Problem: Among the entries below, which lines run from the line with "LK Explore Sri" through the line with "哈弗-H6在质保范围之内要求更换原装电池"? Retype those, both ends included, exactly and without pictures.

Information provided:
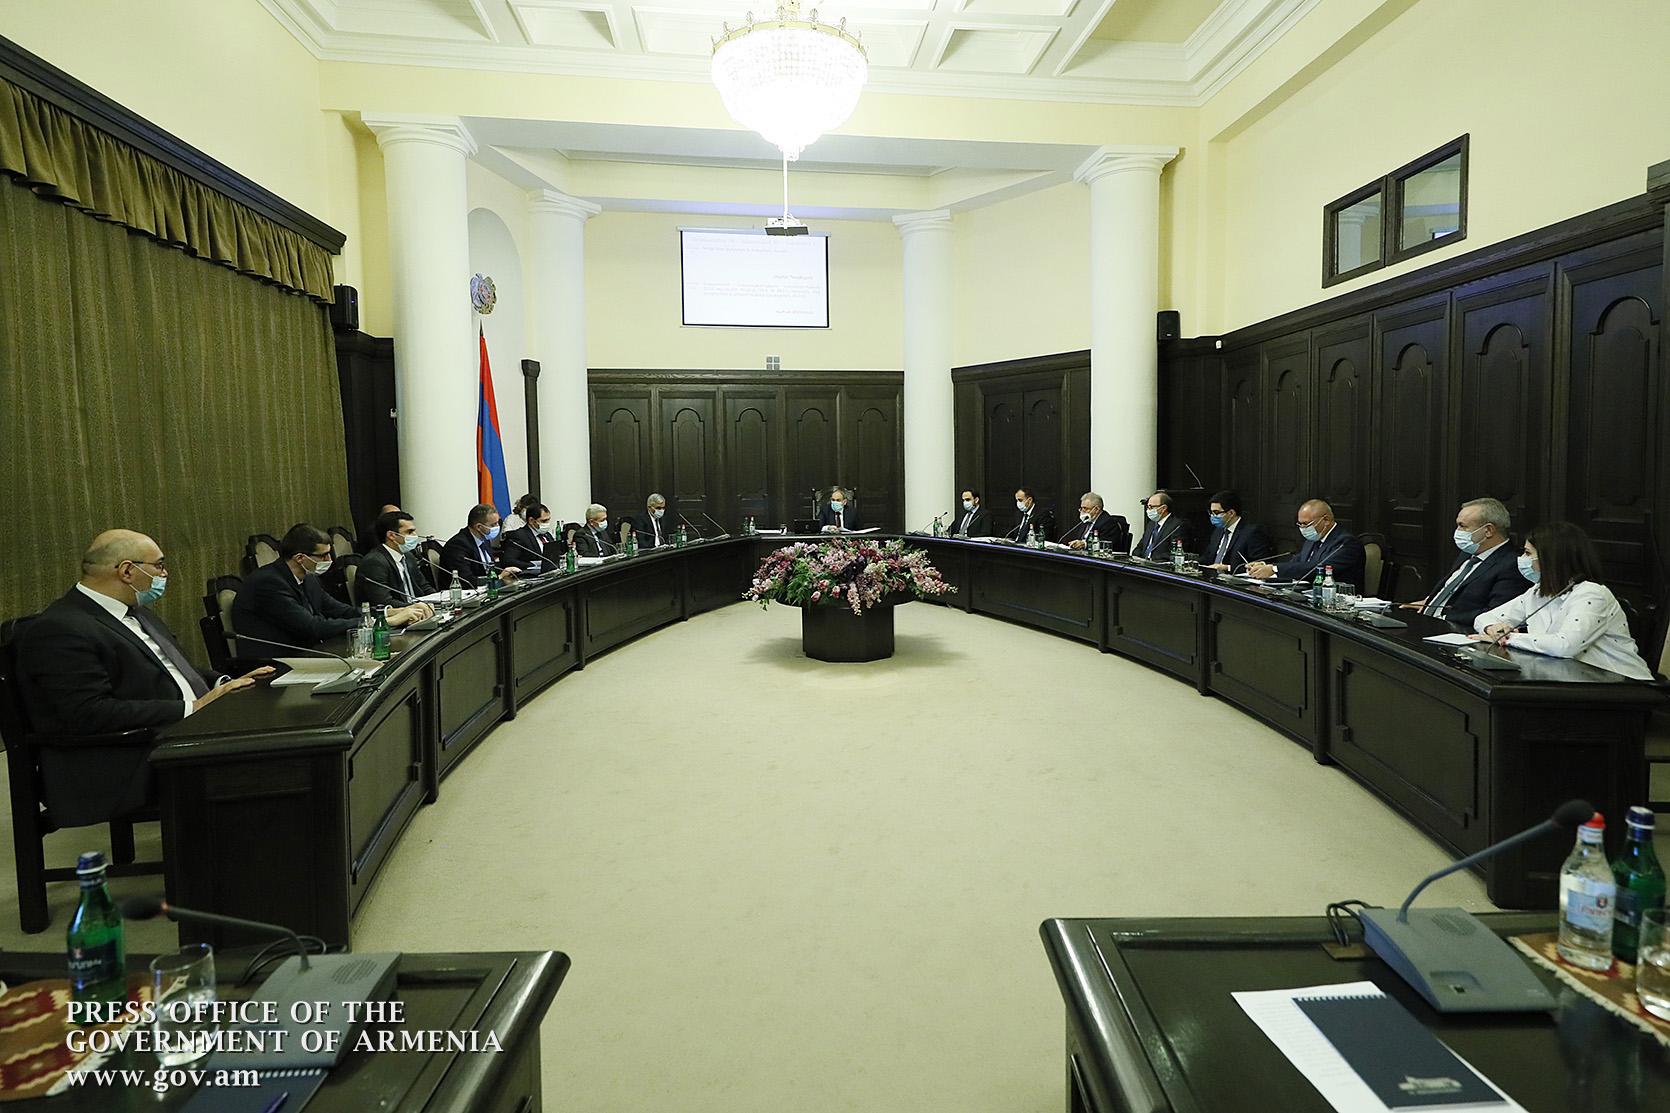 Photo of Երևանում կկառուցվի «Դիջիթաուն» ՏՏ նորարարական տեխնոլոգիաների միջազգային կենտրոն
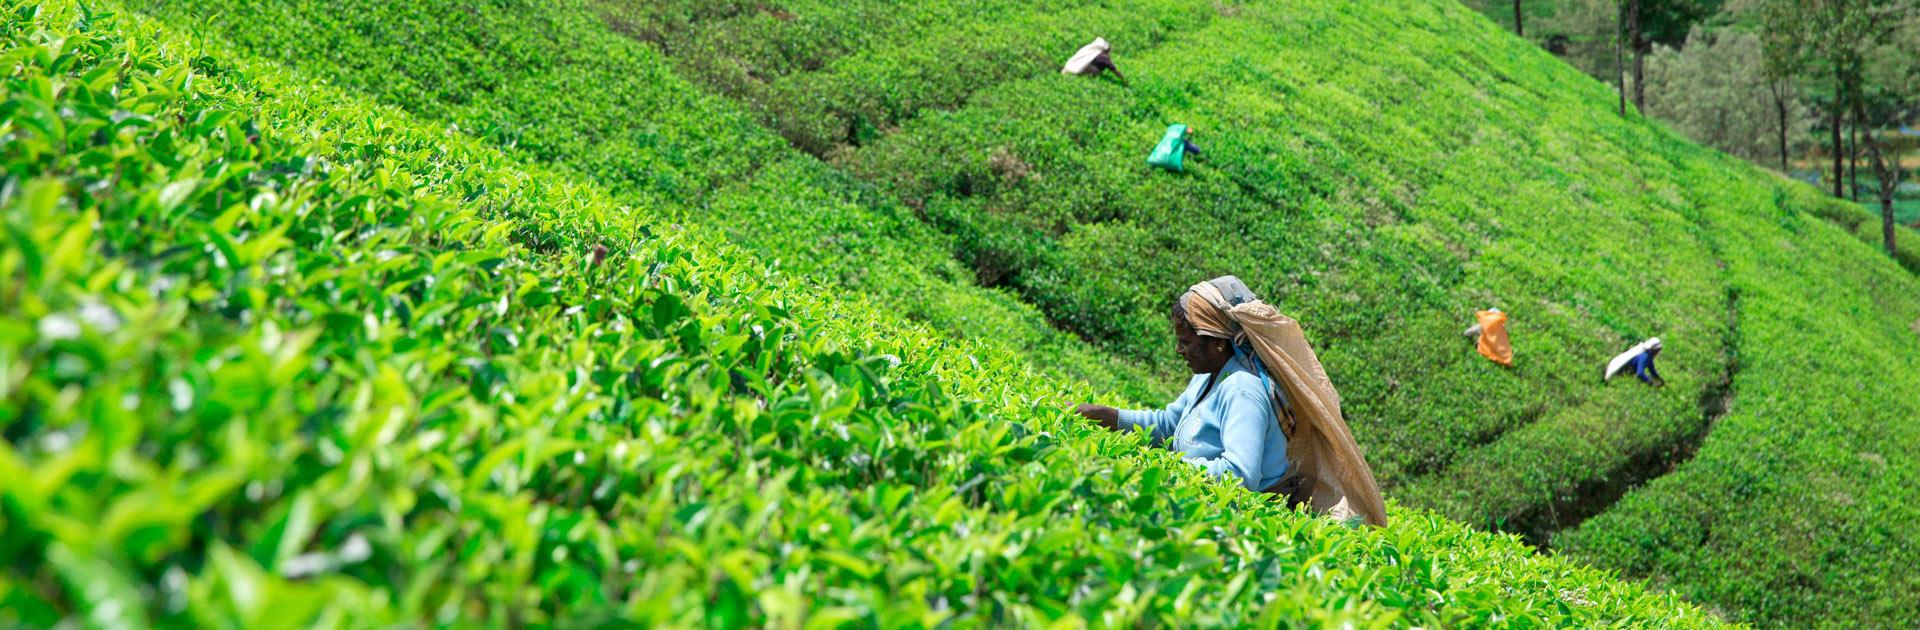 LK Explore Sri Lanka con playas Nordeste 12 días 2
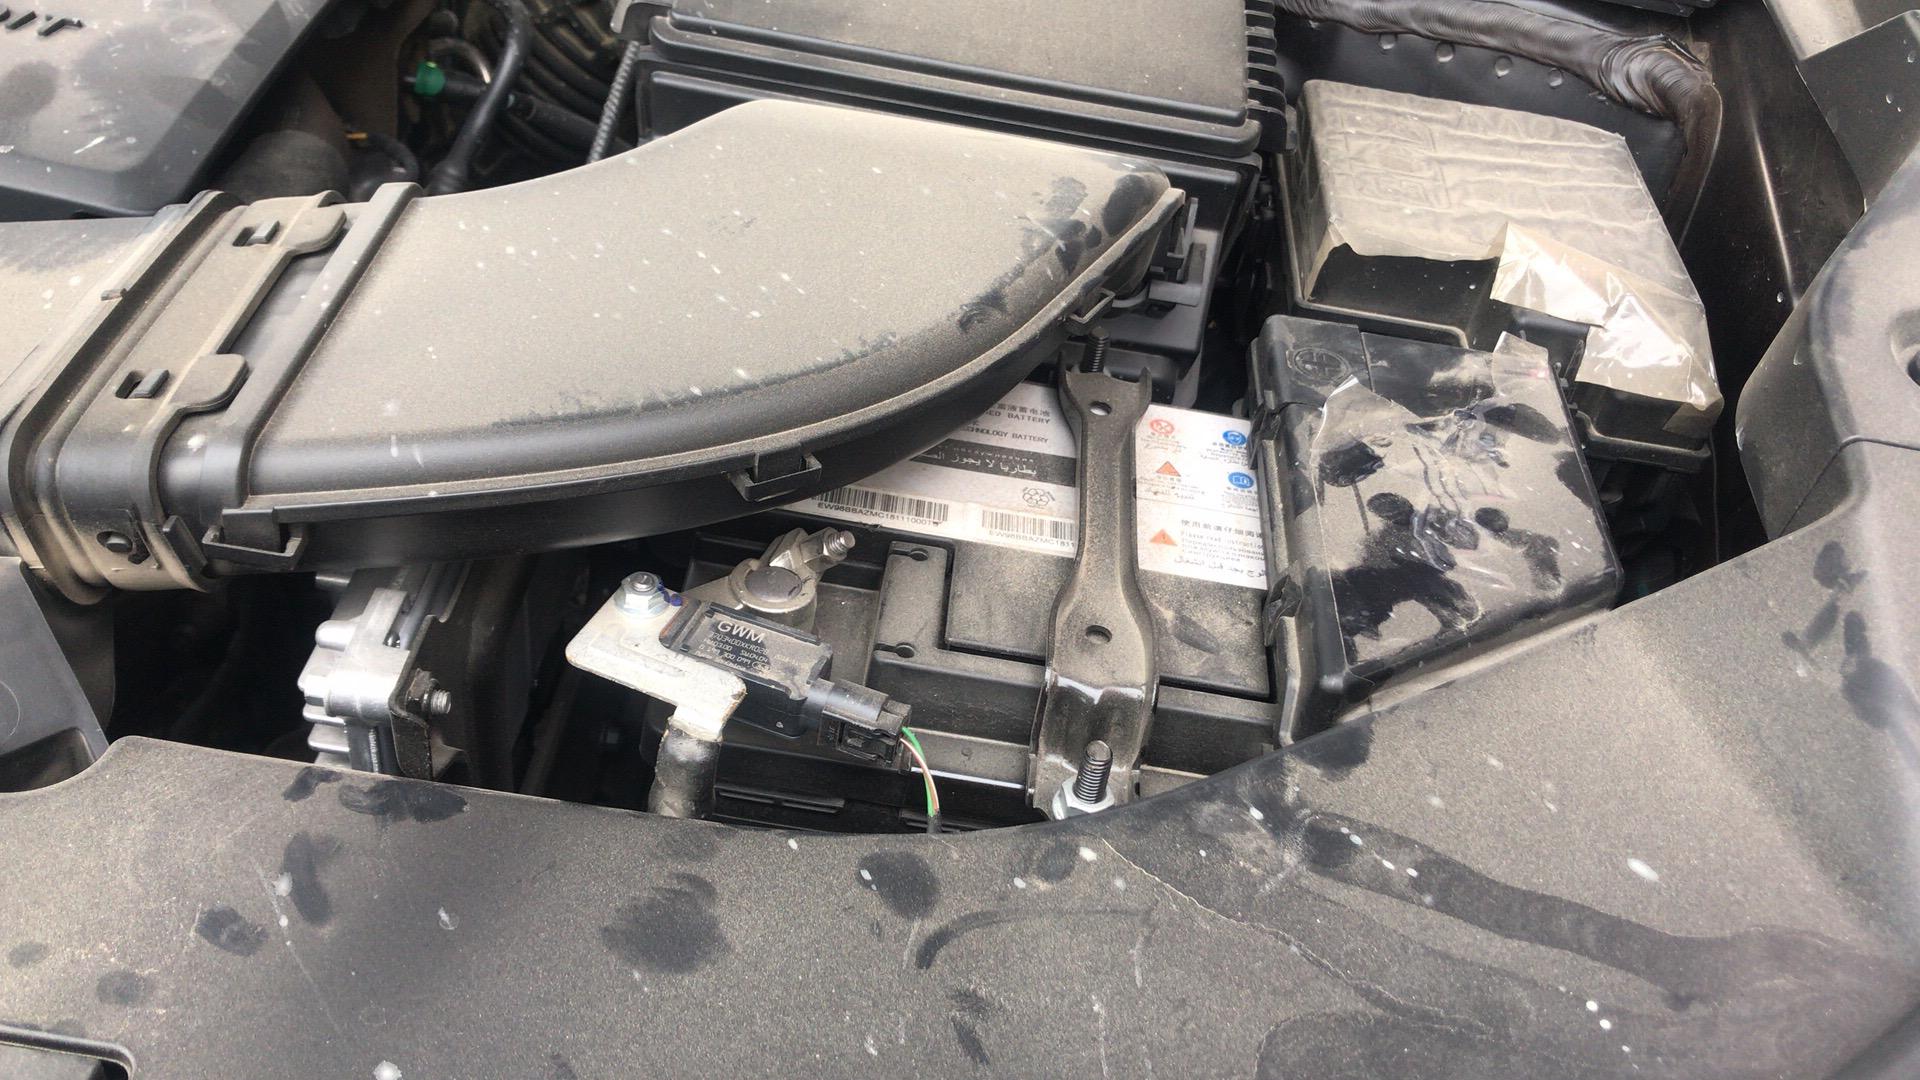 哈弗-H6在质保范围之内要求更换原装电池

* * *

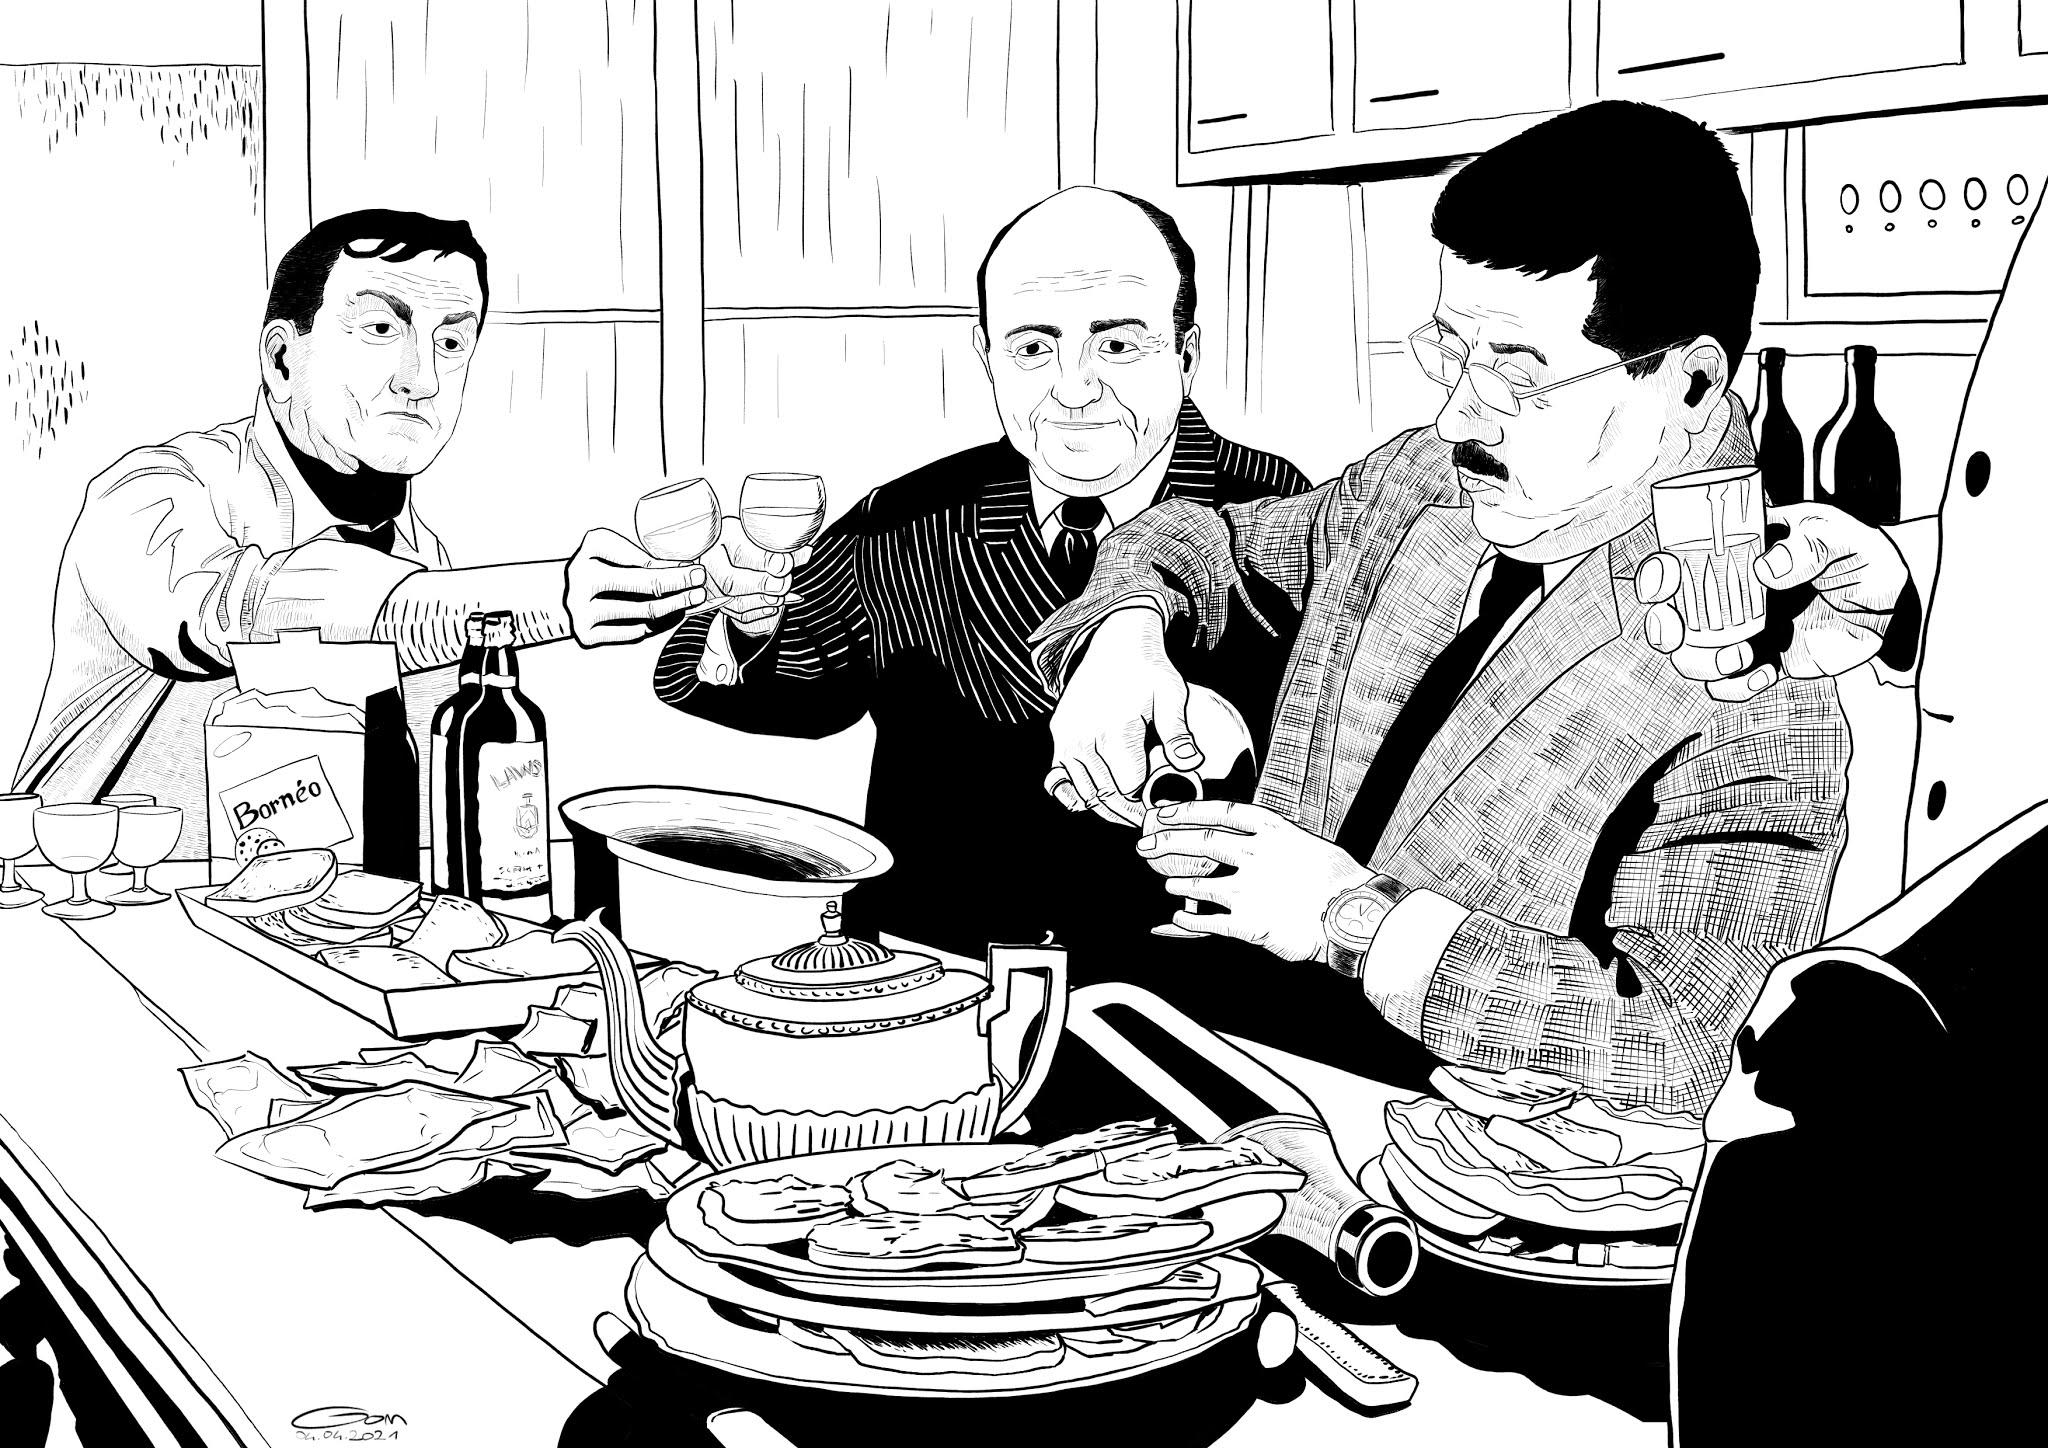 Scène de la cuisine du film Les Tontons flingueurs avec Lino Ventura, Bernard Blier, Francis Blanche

Finished task:
 LK Explore Sri Lanka con playas Nordeste 12 días 2
 哈弗-H6在质保范围之内要求更换原装电池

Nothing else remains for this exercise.